*** Extracted information ***
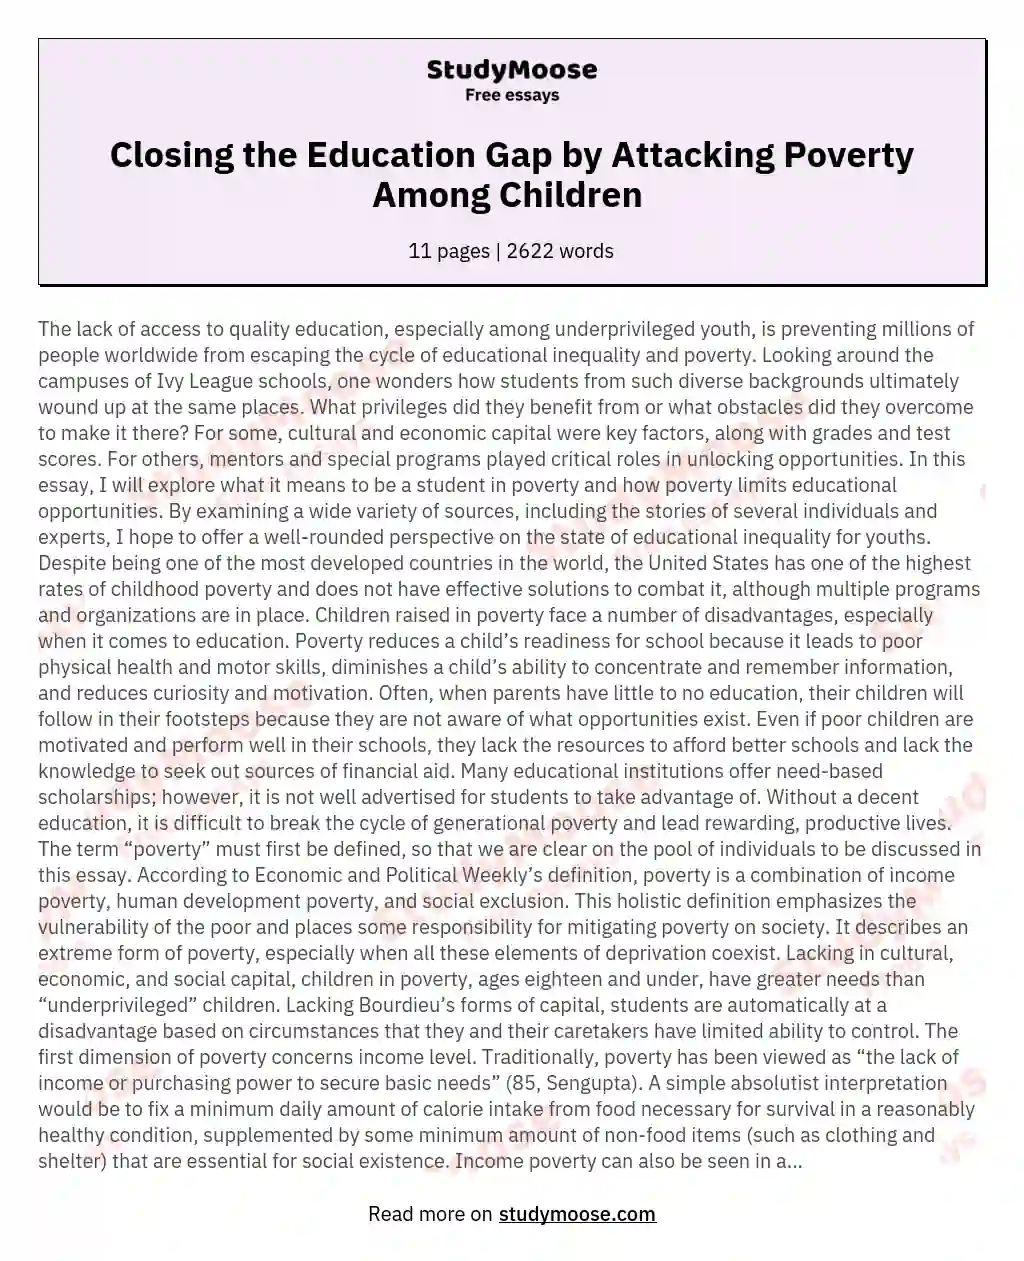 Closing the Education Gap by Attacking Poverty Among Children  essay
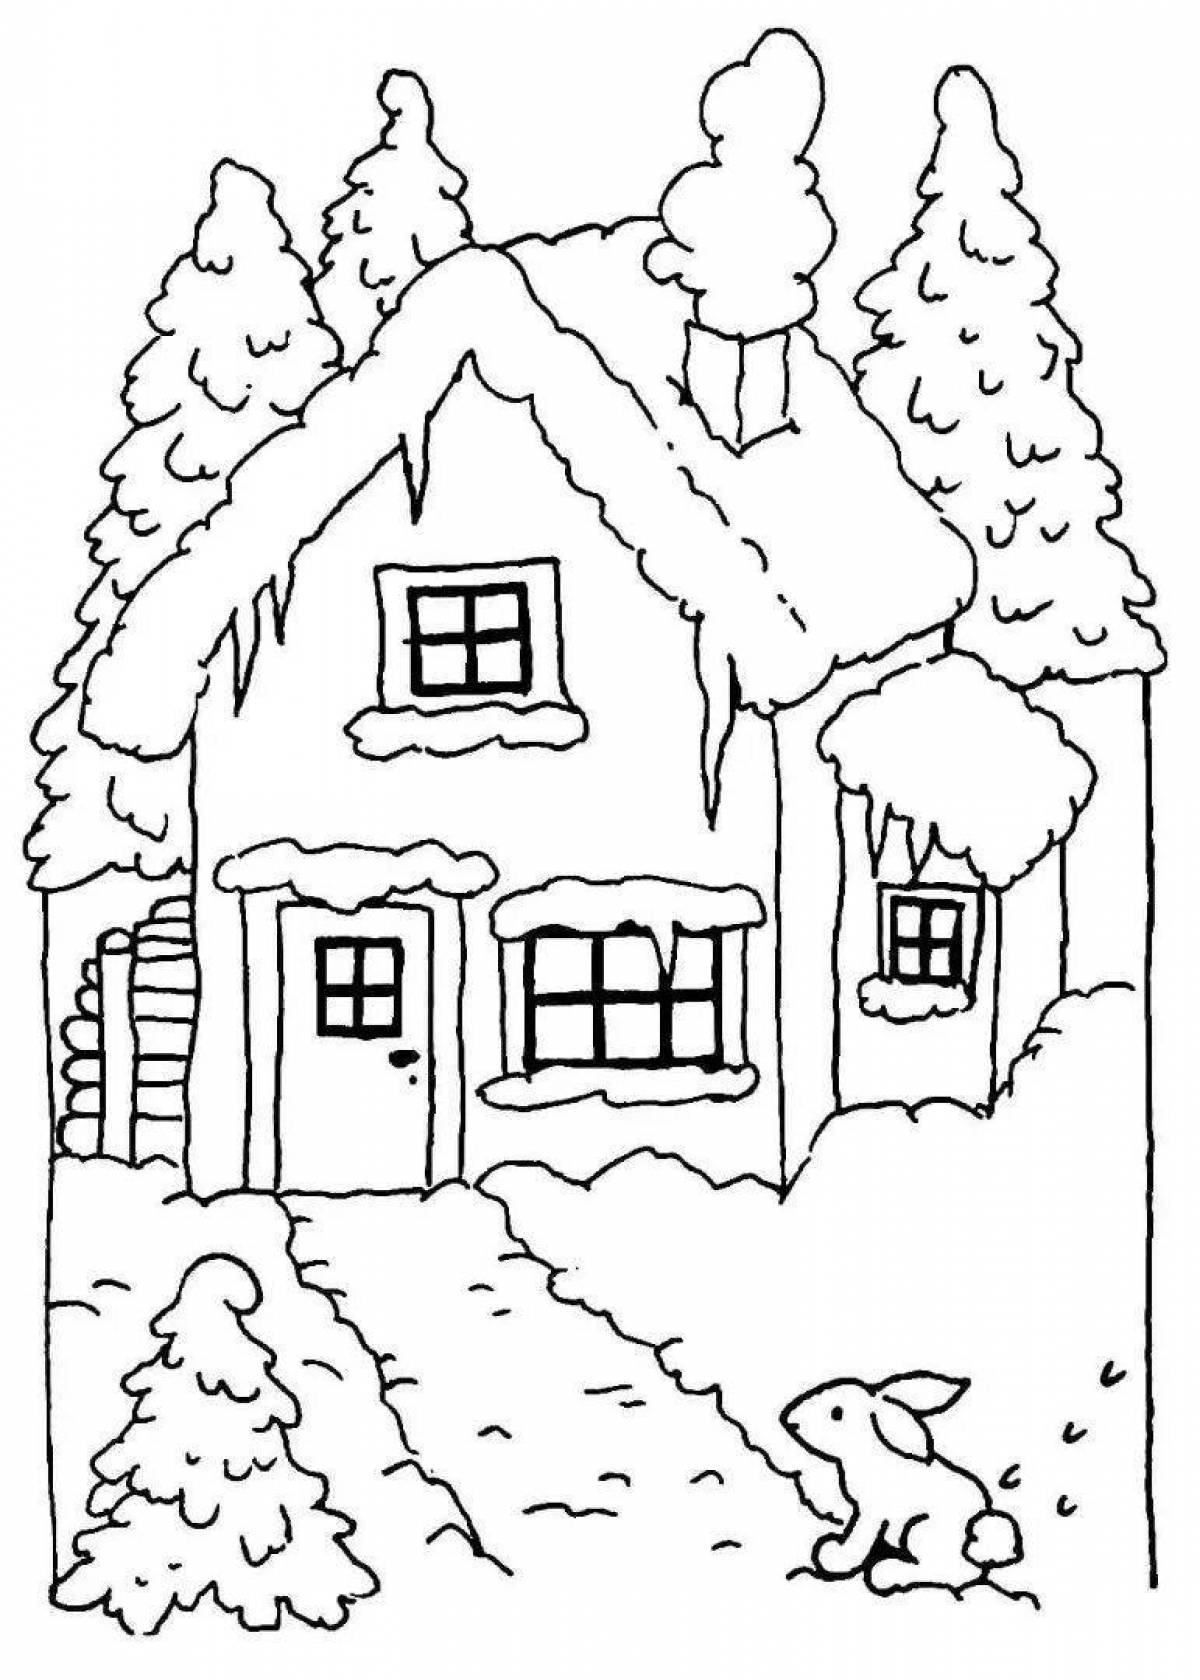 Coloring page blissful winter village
*** End of Extracted information ***
*** Extracted information ***
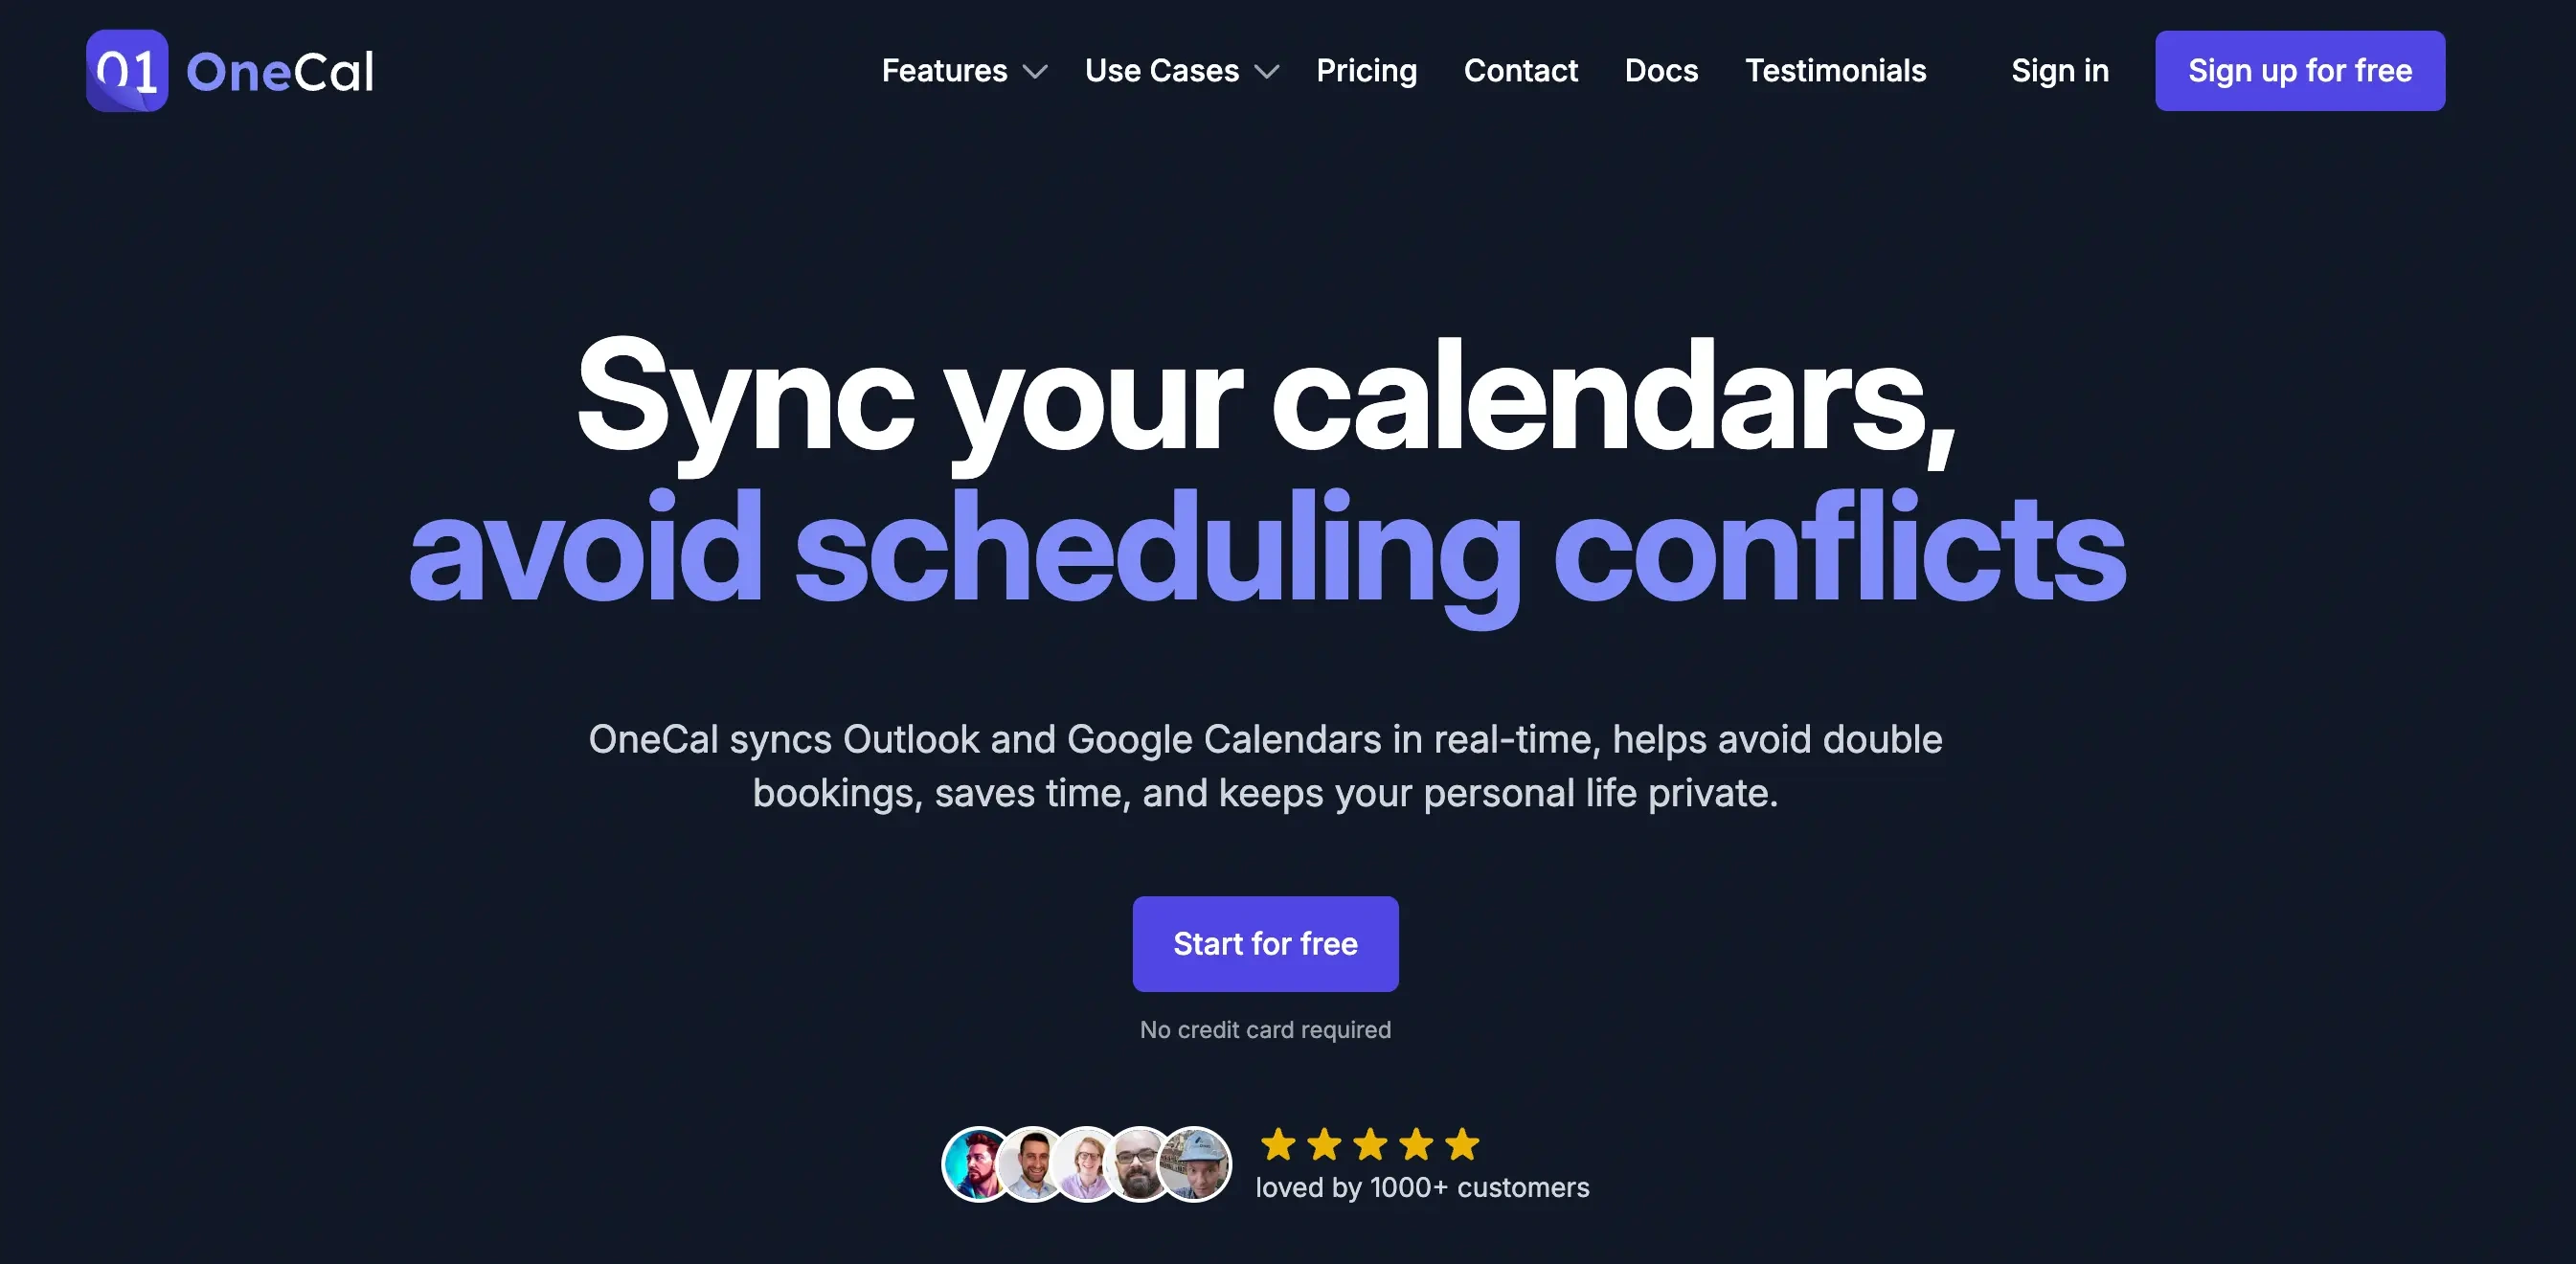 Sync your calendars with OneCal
*** End of Extracted information ***
#### [The problem]
Above are some records. Reproduce the lines from the one with "Closing the Education" down to the one with "Coloring page blissful winter village", keeping both, and leave every picture out.

#### [Written answer]
 Closing the Education Gap by Attacking Poverty Among Children  essay
 Coloring page blissful winter village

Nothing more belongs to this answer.